Chapter 14: Soiled Reputations
Chapter 15: The President versus the Congress
Chapter 16: Military Highs and Lows
Chapter 17: Slaves as Soldiers?
Chapter 18: Peace Proposals
Chapter 19: Epilogue: Despair
Postlude
Appendix: Executive Officers of the Confederate States, 1861–1865
Acknowledgments
Notes
Bibliography
About the Author
Photographs
Also by David J. Eicher
Gettysburg Battlefield: The Definitive Illustrated History
The Longest Night: A Military History of the Civil War
Mystic Chords of Memory: Civil War Battlefields and Historic Sites Recaptured
Robert E. Lee: A Life Portrait
Civil War Battlefields: A Touring Guide
For Chris Eicher, who already knows the meaning of the worst events in world history, and how they make us appreciate the best events even more
“It seems to be a law of humanity that generation after generation must rescue its liberties from the insidious grasp of a foe without or within. In our case, we have to seize them from both.”
— Lawrence M. Keitt
“Revolutions are much easier started than controlled, and the men who begin them, even for the best purposes and objects, seldom end them. . . . The selfish, the ambitious, and the bad will generally take the lead.”
— Alexander H. Stephens
“I think it important that we should at least seem united & harmonious to the enemy.”
— Clement C. Clay
Chapter 1
Prologue
IT was a typical Virginia spring morning, with a slight breeze cascading and the sweet smell of honeysuckle permeating the humid air. Shafts of bright sunlight shot down through the canopy of forest and illuminated patches of dusty ground. Dense thickets of brush intermingled with the scratchy sounds of life among it; squirrels darted through last fall’s leaves; rabbits and raccoons made peace with the forest floor and stayed put, holed up against the commotion of the outdoors. In the distance could be heard faint, shrill tones of music together with the crackle and boom of drums as well as the snapping branches and shuffling leaves as men marched in loose form.

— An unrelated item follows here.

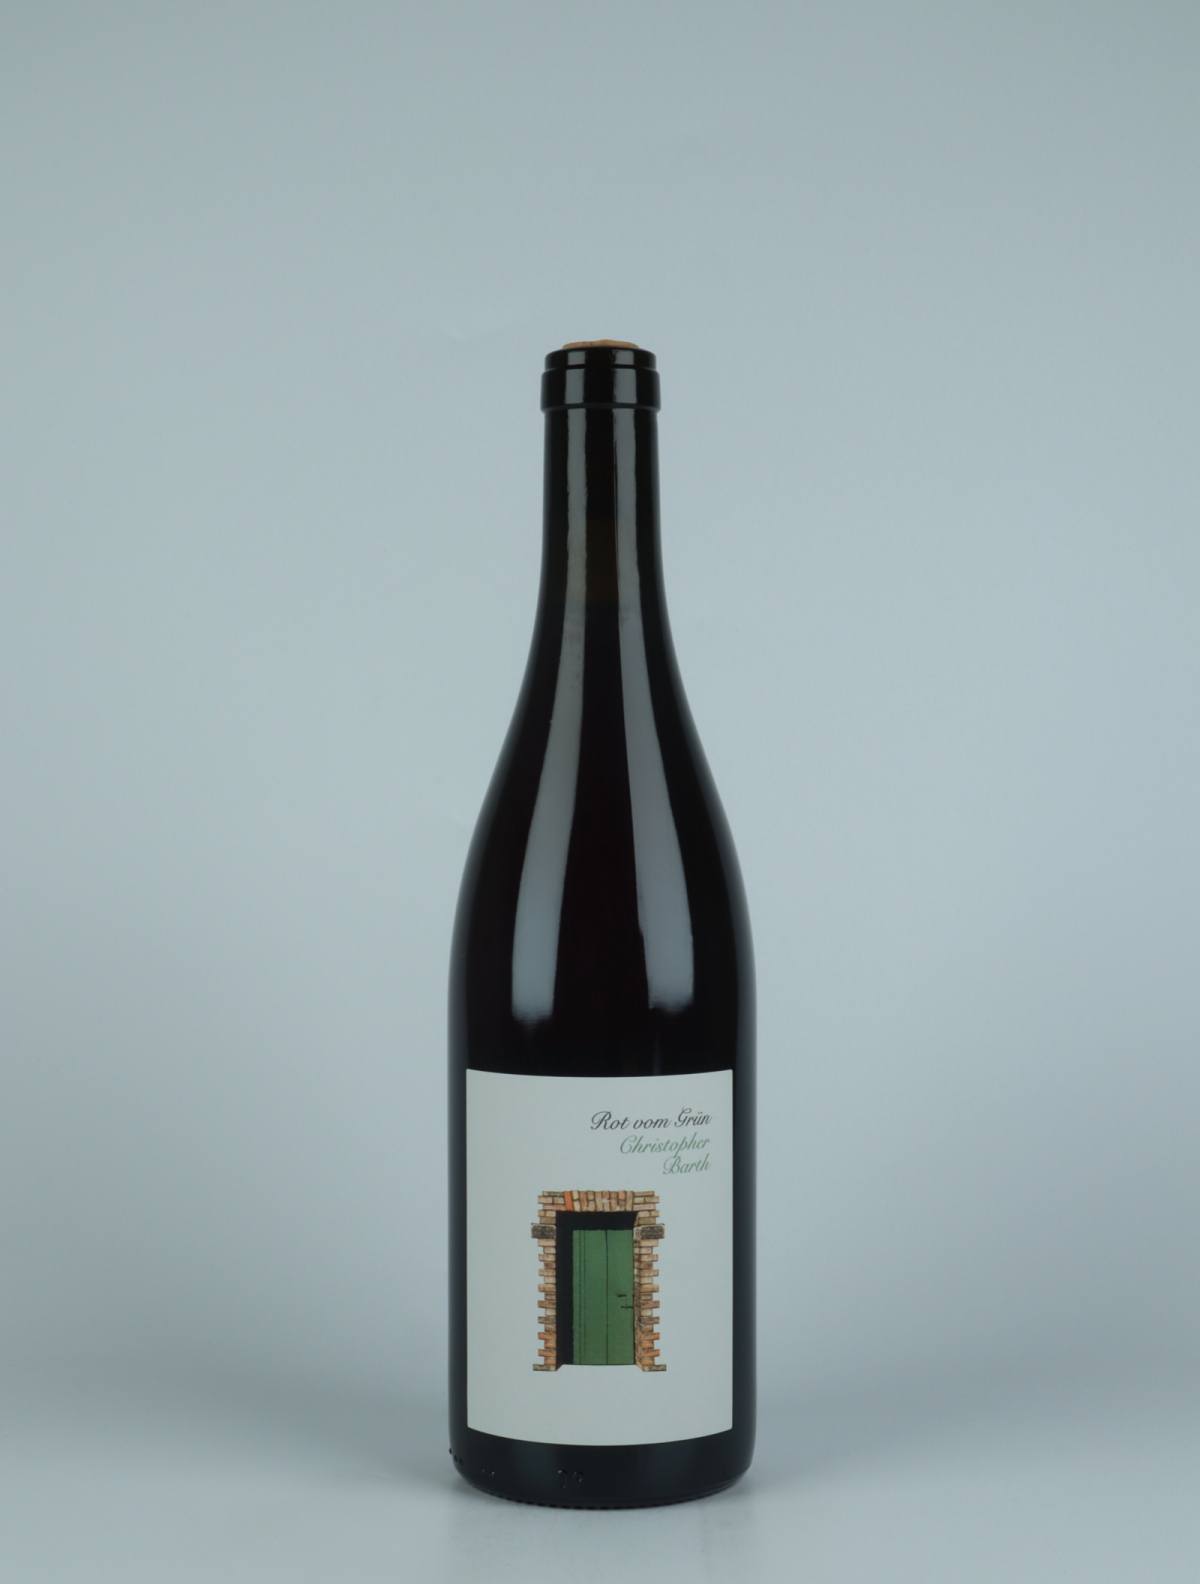 A bottle 2021 Rot vom Grün Red wine from Christopher Barth, Rheinhessen in Germany

The peace and beauty of the Wilderness, a forested area in Virginia west of Fredericksburg, masked a deepening Southern desperation.
Ulysses Grant and George Meade were bearing down on Richmond, which had narrowly avoided capture two years earlier. Vicksburg had fallen the previous summer, as Robert E. Lee’s raid into Pennsylvania failed. Now a Yankee drive deep into Georgia was coming. Federal ships had been tightening control of the coast for months, leaving few seaports open. And the Confederacy’s largest city, New Orleans, had long ago fallen to the Union.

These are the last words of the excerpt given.